The city building segment is okay, but nothing special. The good thing is that the waiting times are really reasonable, at least at the beginning. You simply build structures in a certain order, to ensure a stable and an effective growth. First, you’ll need to build farms and sawmills outside the walls of your city, to provide it with food and building resources. Then, you’ll want to build the barracks and the stables to train units used to defend your property, or to hunt and invade others. After that you’ll want to build a tavern in order to be able to receive daily rewards, and from there, it’s up to you how you’ll develop. There are a lot of options and a lot of things to do in the game simultaneously, and it could be even overwhelming to someone new to the genre.
Luckily, the gameplay and the offered mechanics and the complexity of the progression system compensate for the poor presentation, to a certain extent. Remember how I told you the plot feels generic? Well, that’s because you can create your own schemes and tricks, by forming allegiances and being pretty social with other players. That’s what you want from a GoT game, but it needs a little bit of premade flavor, set up by the creators of the game. This way, you need to figure the complex infrastructure of the game all on your own. That would be okay for a full scale computer title like Stronghold, where you have the player input and the surroundings to fully immerse. This level of complexity makes it really hard on a few inches of screen and without a mouse and a proper keyboard.

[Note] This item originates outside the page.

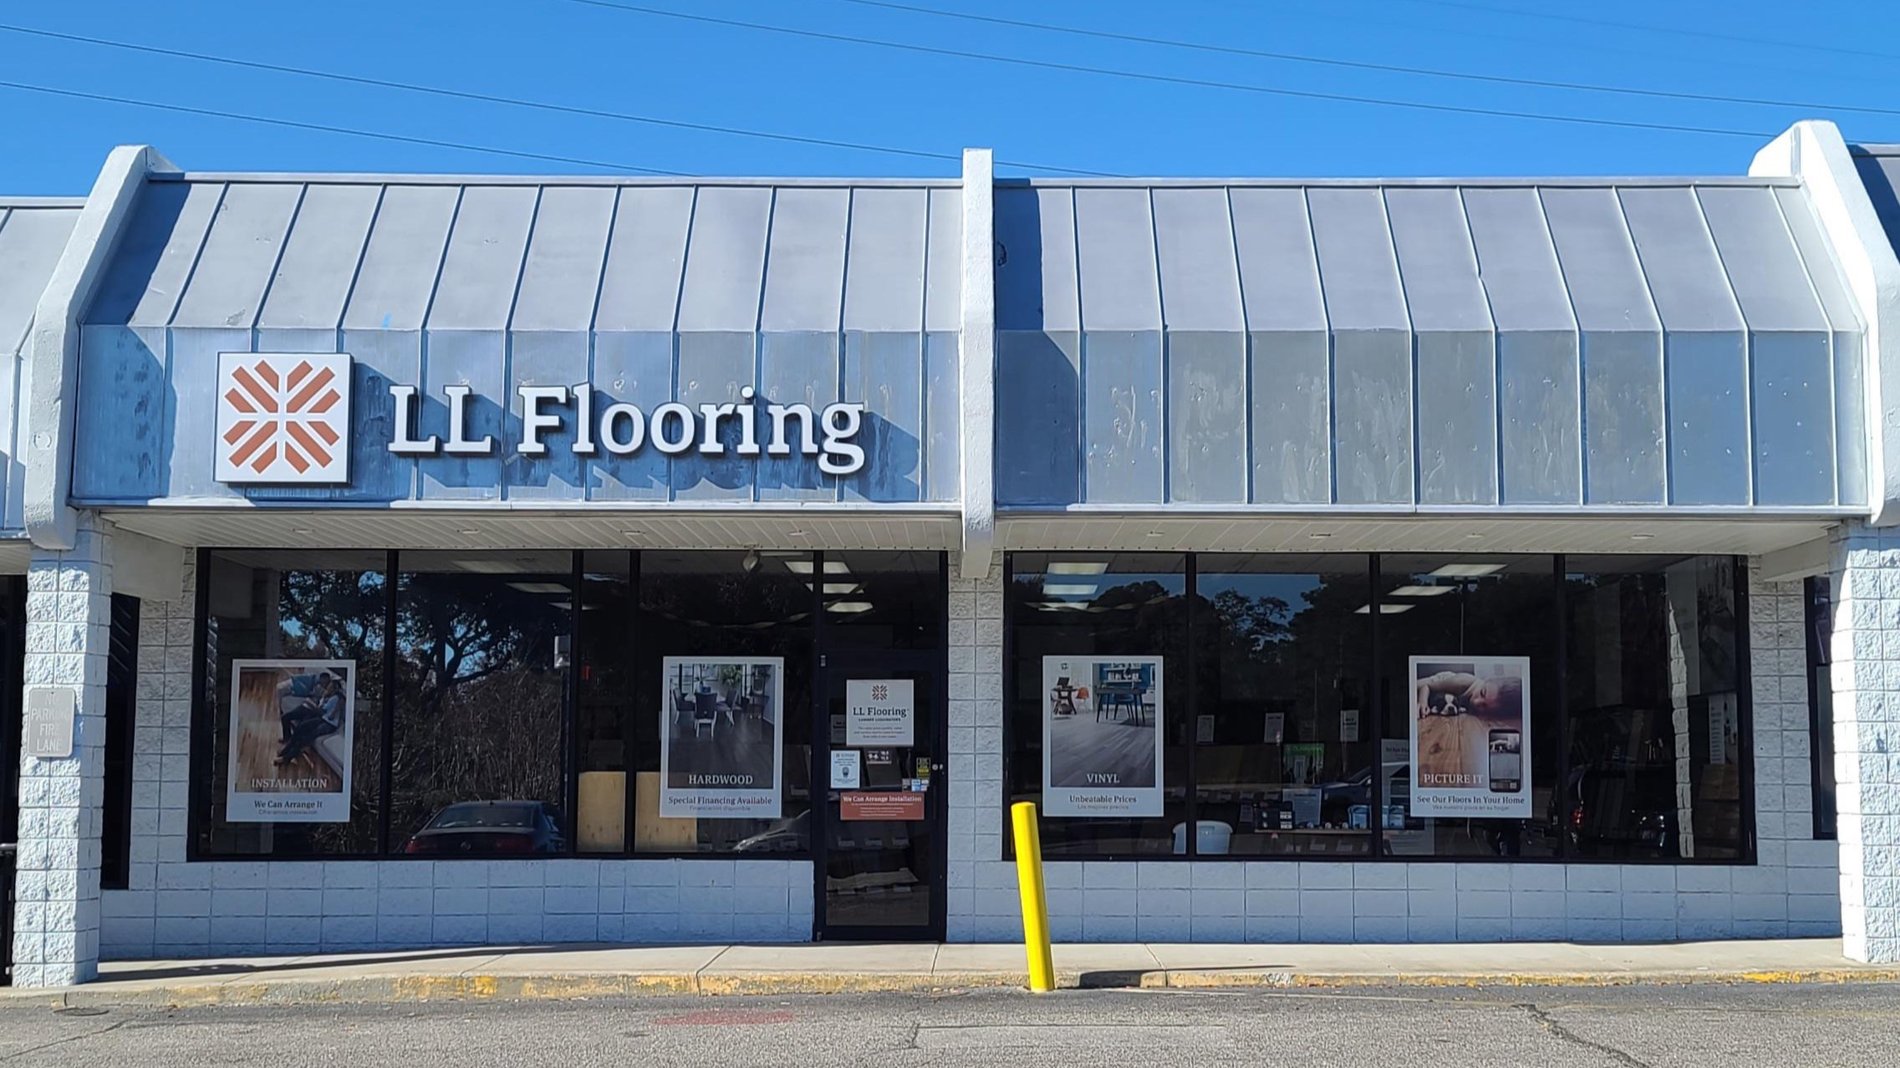 LL Flooring #1381 Murrells Inlet | 3338 US 17 Bus | Storefront

So, after rebuilding your city, and raising it to glory, the time will come to take some precautions. If you’ve watched the show, then you already know you can’t trust anyone. After leveling your keep to 10th level, you’ll start earning a reputation among lots of others. So, build, upgrade and enhance your defensive structures, such as walls, city gates, and arm them with lots of units such as archers. If that is not your approach, you can try hiding your valuables in storehouses, laying out some traps and such, and even hiring scouts, rogues and assassins to aid you in your stealth style of play. Don’t forget to form allegiances and to try and plot against those who are in your way. Maybe even try the diplomatic approach, but be careful! Everyone wants your head on a spike these days.
This game is optimized so poorly. And it doesn’t look that demanding at all. I was running it on my Nokia 5 with the latest Android version installed and I had to make mini-breaks to let my phone cool off how hot it got. I literally couldn’t hold it. And I took off its mask. Other than that, I’ve experienced a lot of lag, either in the interface, or the server itself. A lot of commands felt unresponsive, and I had to restart the game several times. First, I thought the problem was in my device, but I did a quick check on the forums and the reviews and it seems that I’m not the only one. So, I recommend closing all other applications, connecting to a stable internet network and taking off the mask of your phone.